Постоянное движение на картине и вокруг неё позволяет мне почувствовать вкус мира, который я жажду, но никоим образом не расслабляет меня
«Спросите любого, кто меня знает, я редко использую слова для общения. Мне нравится рисовать, но я не часто использую кисти. Я могу использовать пальцы, суставы, ножи, спички, ватные палочки, наждачную бумагу и влажные салфетки. Я использую всё, что находится в пределах досягаемости руки.
Я добавляю новые слои, как только соскребаю старые, иногда я делаю это только поэтому что мне нужно иметь толстую подложку.
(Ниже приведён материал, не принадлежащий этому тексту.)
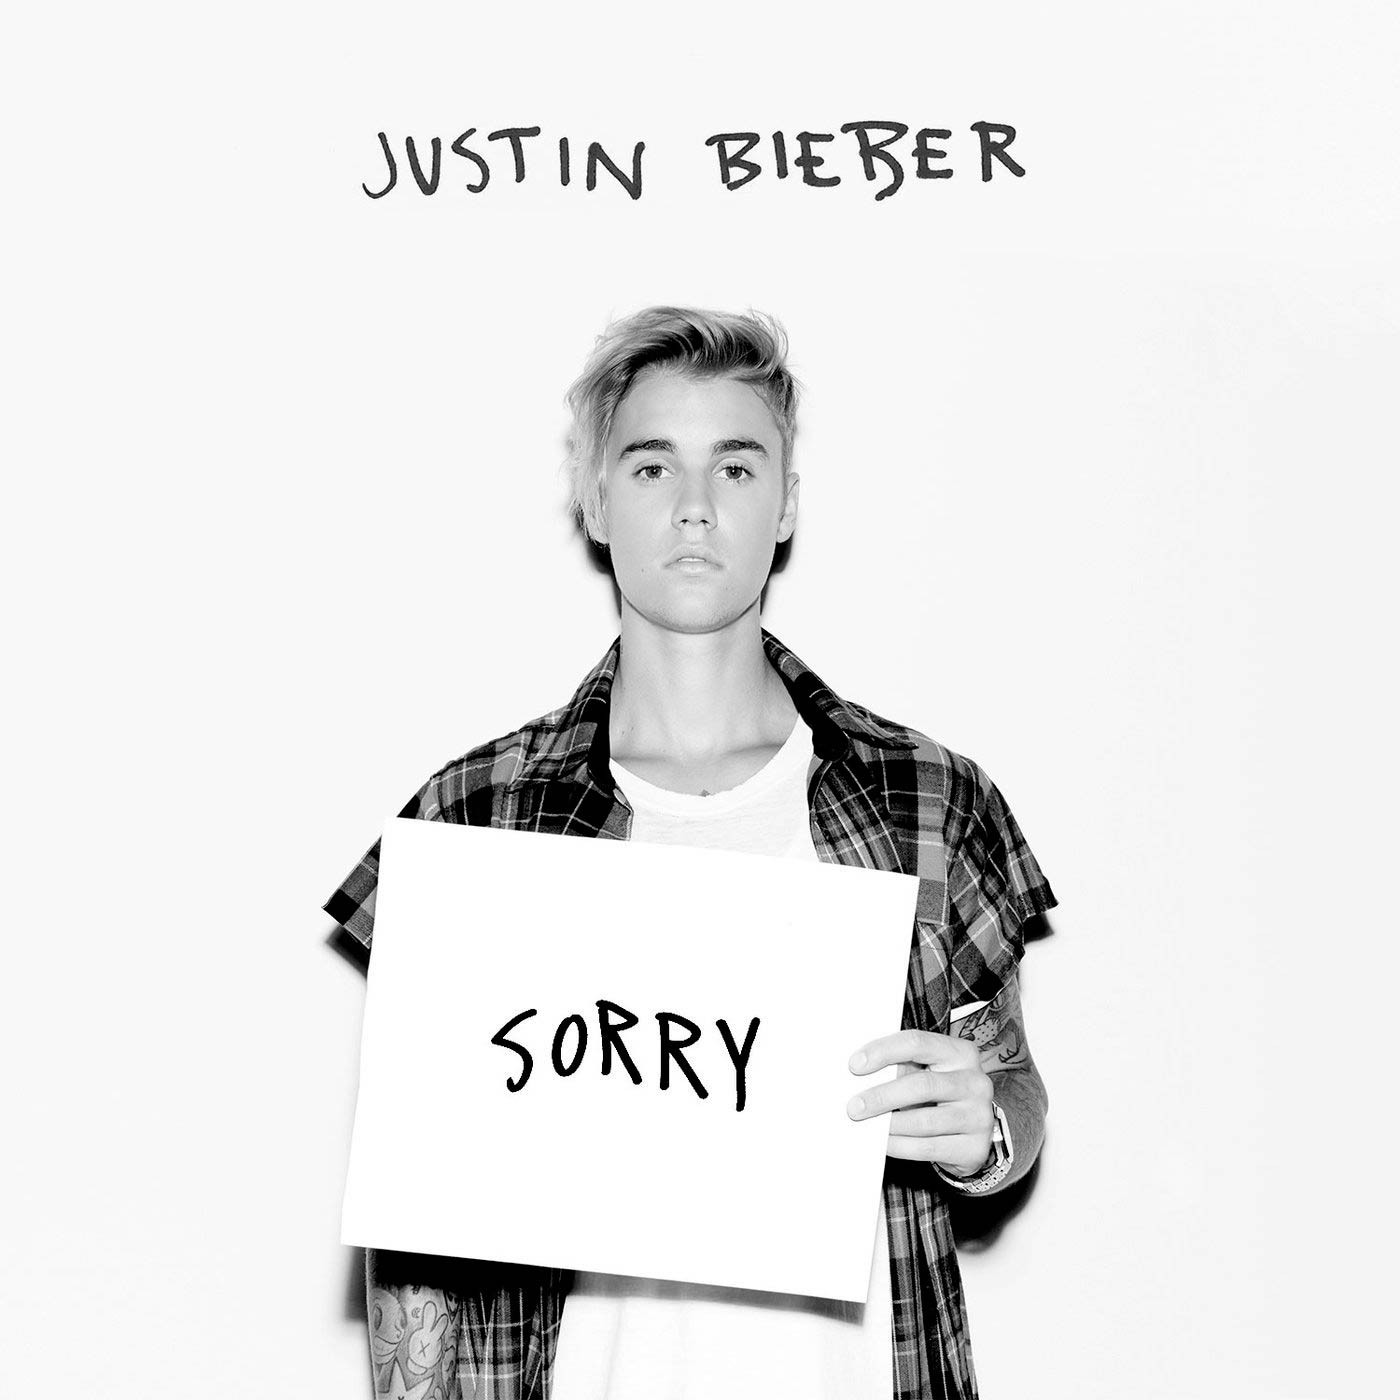 Justin Bieber: Sorry, la portada de la canción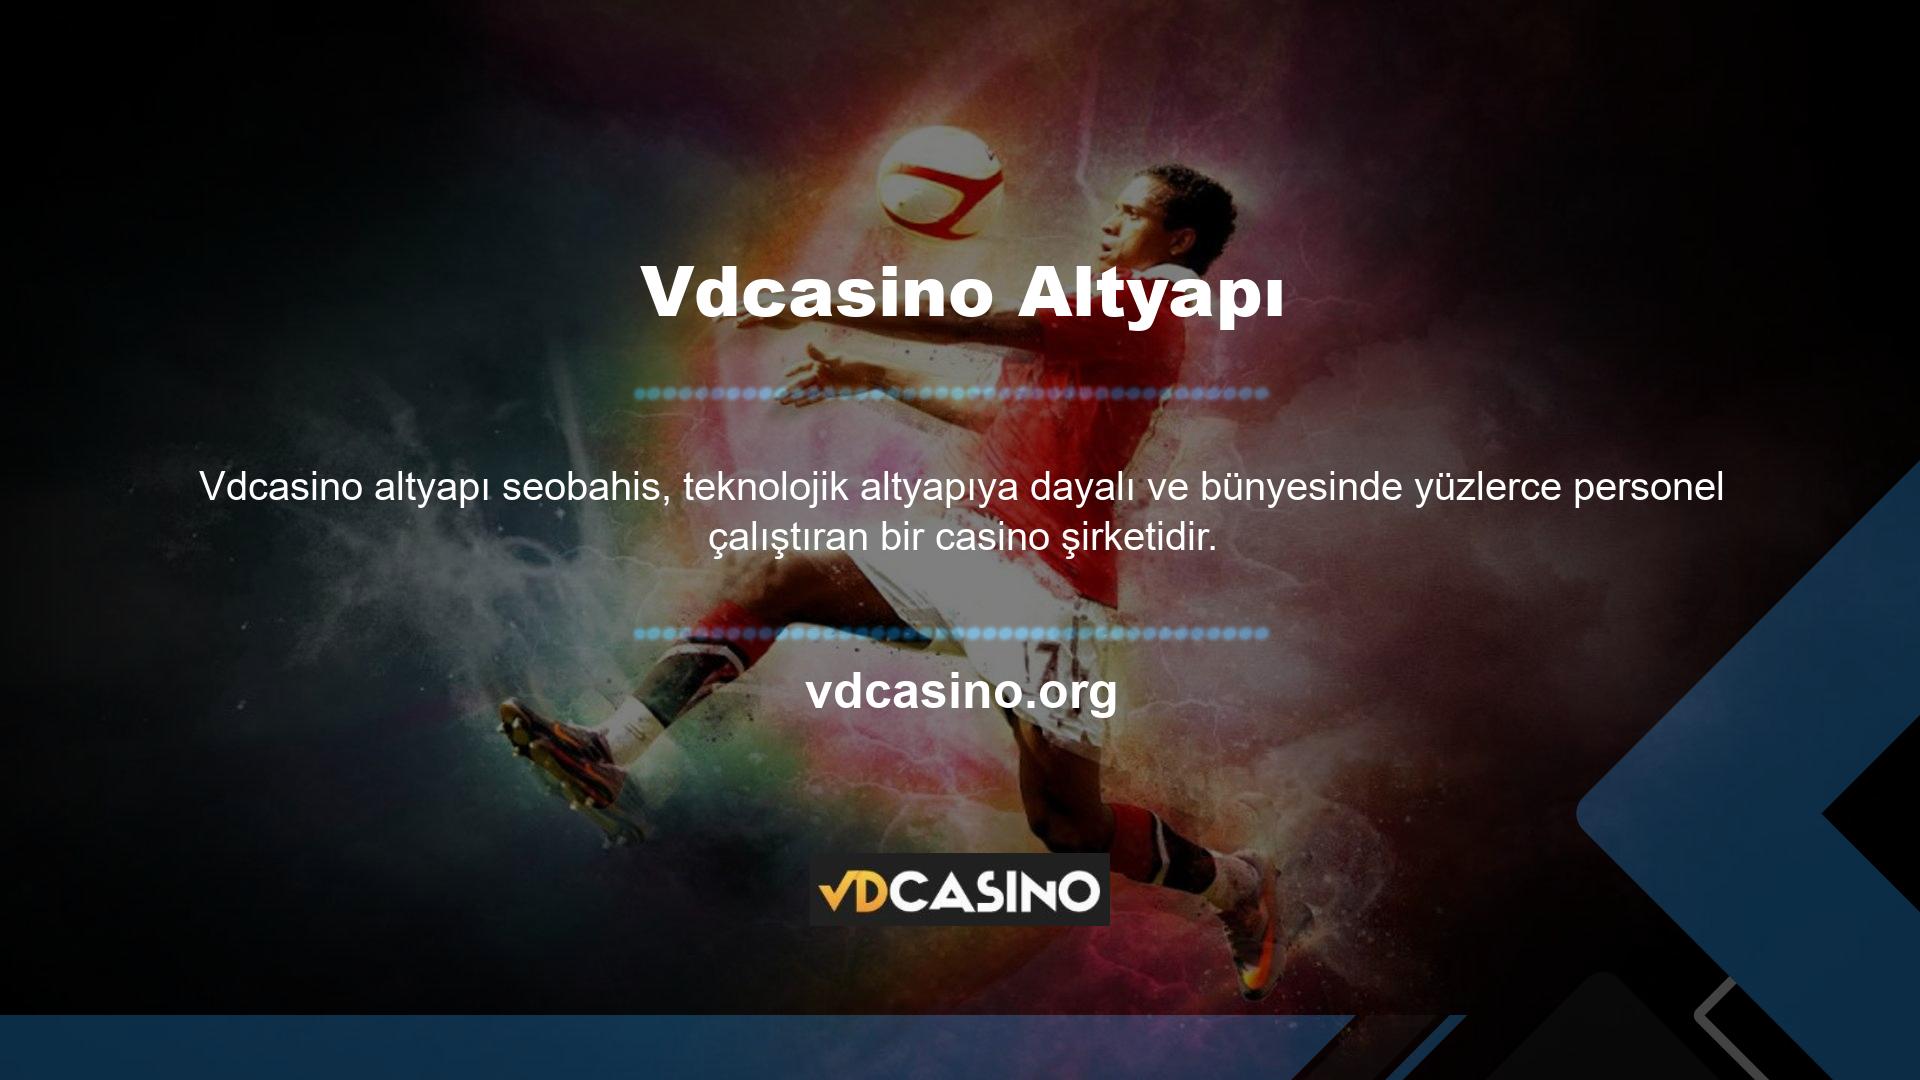 İnternette veya ISP'nizde herhangi bir sorun olmadığı sürece Vdcasino sitesi üzerinden hizmet almaya devam edebilirsiniz

Наверное эвучит жестоко, но это так. Постоянное движение на картине и вокруг неё позволяет мне почувствовать вкус мира, который я жажду, но никоим образом не расслабляет меня. Мои методы развивались на протяжении десятилетий. У меня не было над этим процессом больше контроля, чем, например над тем, как я чихаю или тем, как я смеюсь. Да, я смеюсь, когда рисую.
Я начну с толстого слоя штукатурки на деревянной панели, обычно 24 «x 24″ или что-то близкое. Иногда я добавляю глазурь, чтобы создать универсальный оттенок. В других случаях я рисую контуры пастелью и использую акварель и / или другие среды для взаимодействия с тем, что планирую написать. Картина может протекать сотнями различных путей, иногда требуя запечатывать каждый последующий слой шеллаком или другим прозрачным герметиком.
Я считаю картину успешной, только если она заставляет меня смеяться. Кажется, что многое из того, что мы остаемся скрытым, скрыто от нас самих. Но есть вещи в глубине души, которые пытаются нас убить. Откуда они взялись? Наши родители не могли защитить нас, они сами были полны монстрами. Я пытаюсь найти путь обратно туда, где родились те монстры. И знаю, что они ненавидят смех».